Beware phishing scams – Watch for suspicious emails requesting account information. Call your bank instead of clicking links.

Limit administrator access – Only owners and critical staff should have full access to all financial accounts.

Monitor accounts daily – Review transactions and account balances daily to catch unauthorized activity.

Vet remote access – Allow employees remote login to accounting systems only via secure networks and devices.

Shred documents – Discard any paper records containing sensitive financial information securely.

Back up data – Keep an extra copy of financial records and data via cloud or external sources.

Read privacy policies – Understand how your bank and related services use your data and protect your information.

Consider insurance – Obtain cybersecurity insurance to cover losses in the event of a data breach or attack.

Use secure connections – Only access bank accounts and financial platforms on private and trusted WI-FI networks.

Ongoing vigilance is required to keep your business finances and data secure.
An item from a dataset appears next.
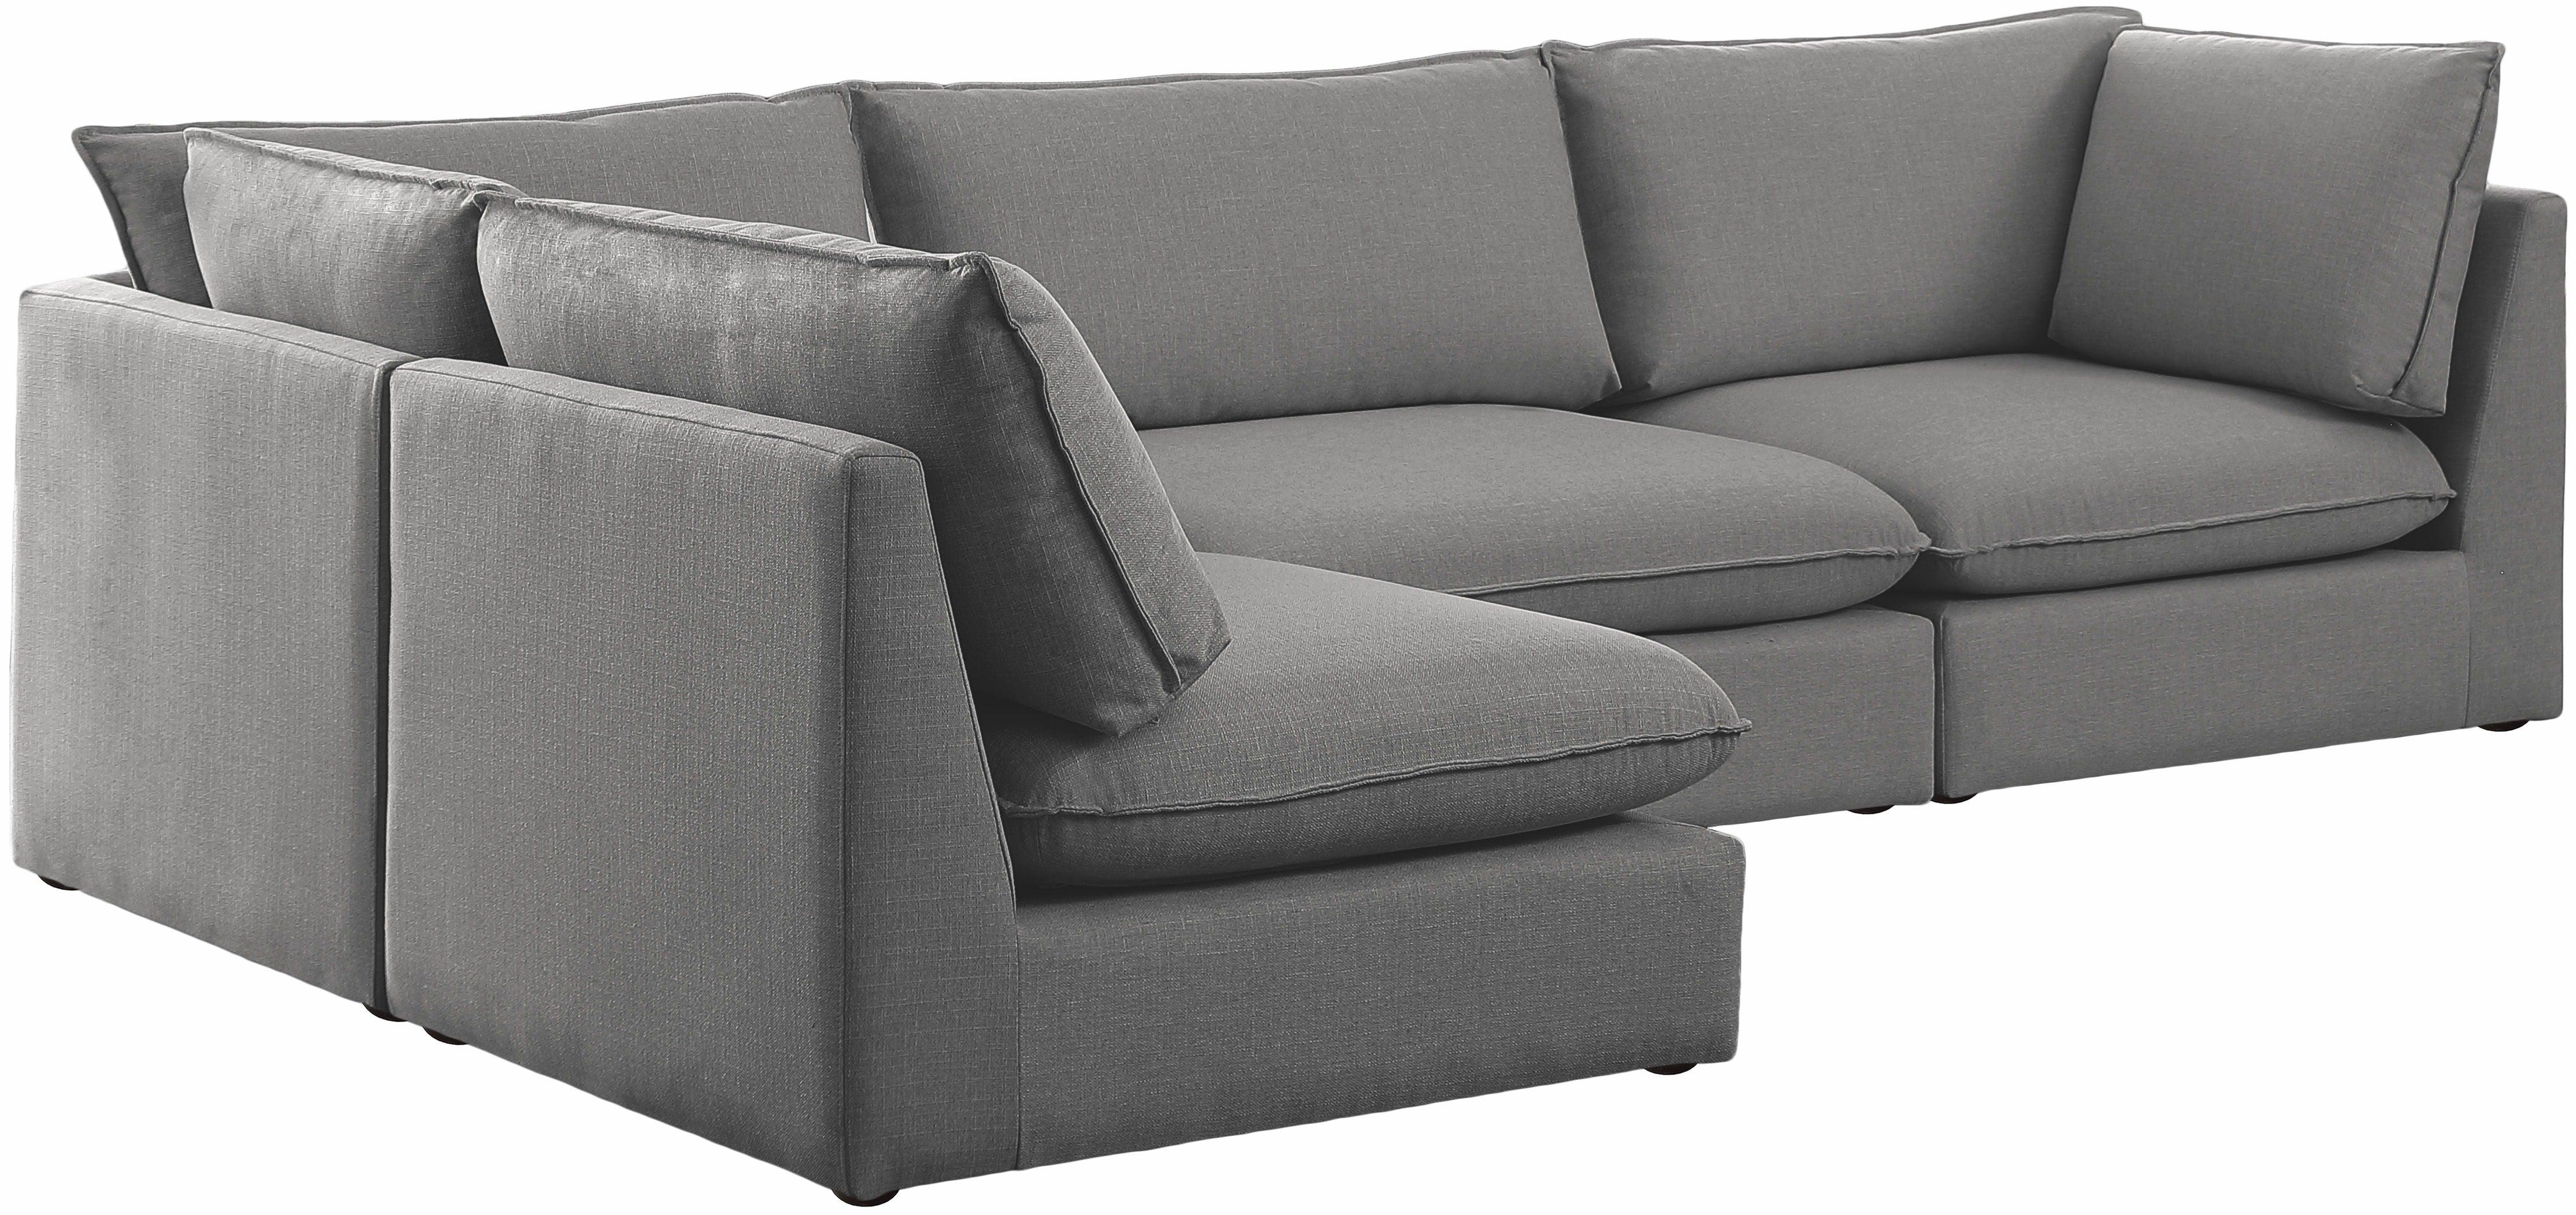 Meridian Furniture - Mackenzie - Modular Sectional 4 Piece - Gray - 5th Avenue Furniture

Make smart security practices part of your regular financial management routine.

Choose the Right Credit Cards

Business credit cards warrant their own discussion. Cards can smooth out cash flow, finance purchases and simplify accounting. Be selective about which card(s) you apply for. Look for features like:

0% introductory APR – Look for a 12 to 18-month period of no interest on purchases.

Rewards on categories – Cards that pay higher rewards for things like office supplies, advertising, or utilities can save money.

No annual fees – Choose a card with no yearly cost to hold it.

Employee cards – Some cards allow you to issue cards tied to your account to responsible employees.

Purchasing power – A higher credit limit provides more purchasing flexibility.

Fraud protection – Make sure your card offers $0 liability in case of unauthorized charges.

Virtual cards – Generate one-time use card numbers for online subscriptions and bills.

Integration – See expenses flow directly into accounting software and financial dashboards.

Consolidated billing – Managing fewer monthly statements is easier.

Vendor tracking – Use different cards for specific vendors to simplify expense categorization.

Credit limits – Don’t open cards with higher limits than you expect to utilize monthly.

Apply for 1-3 cards tailored to your spending profile and habits. Use them strategically and pay off balances in full.

The Bottom Line

Mastering small business banking is key to controlling your company’s financial trajectory. Follow the tips outlined in this article to set up the optimal banking relationship and financial management strategy.

Choose the right bank accounts and leverage available business services. Automate transactions, adopt money management best practices, fund operations strategically, and harness banking technology. Safeguard your finances through rigorous security policies. Pick credit cards that meet your purchasing needs and help track expenses.

With these small business banking essentials, you can run a financially organized, well-capitalized business positioned for growth and success.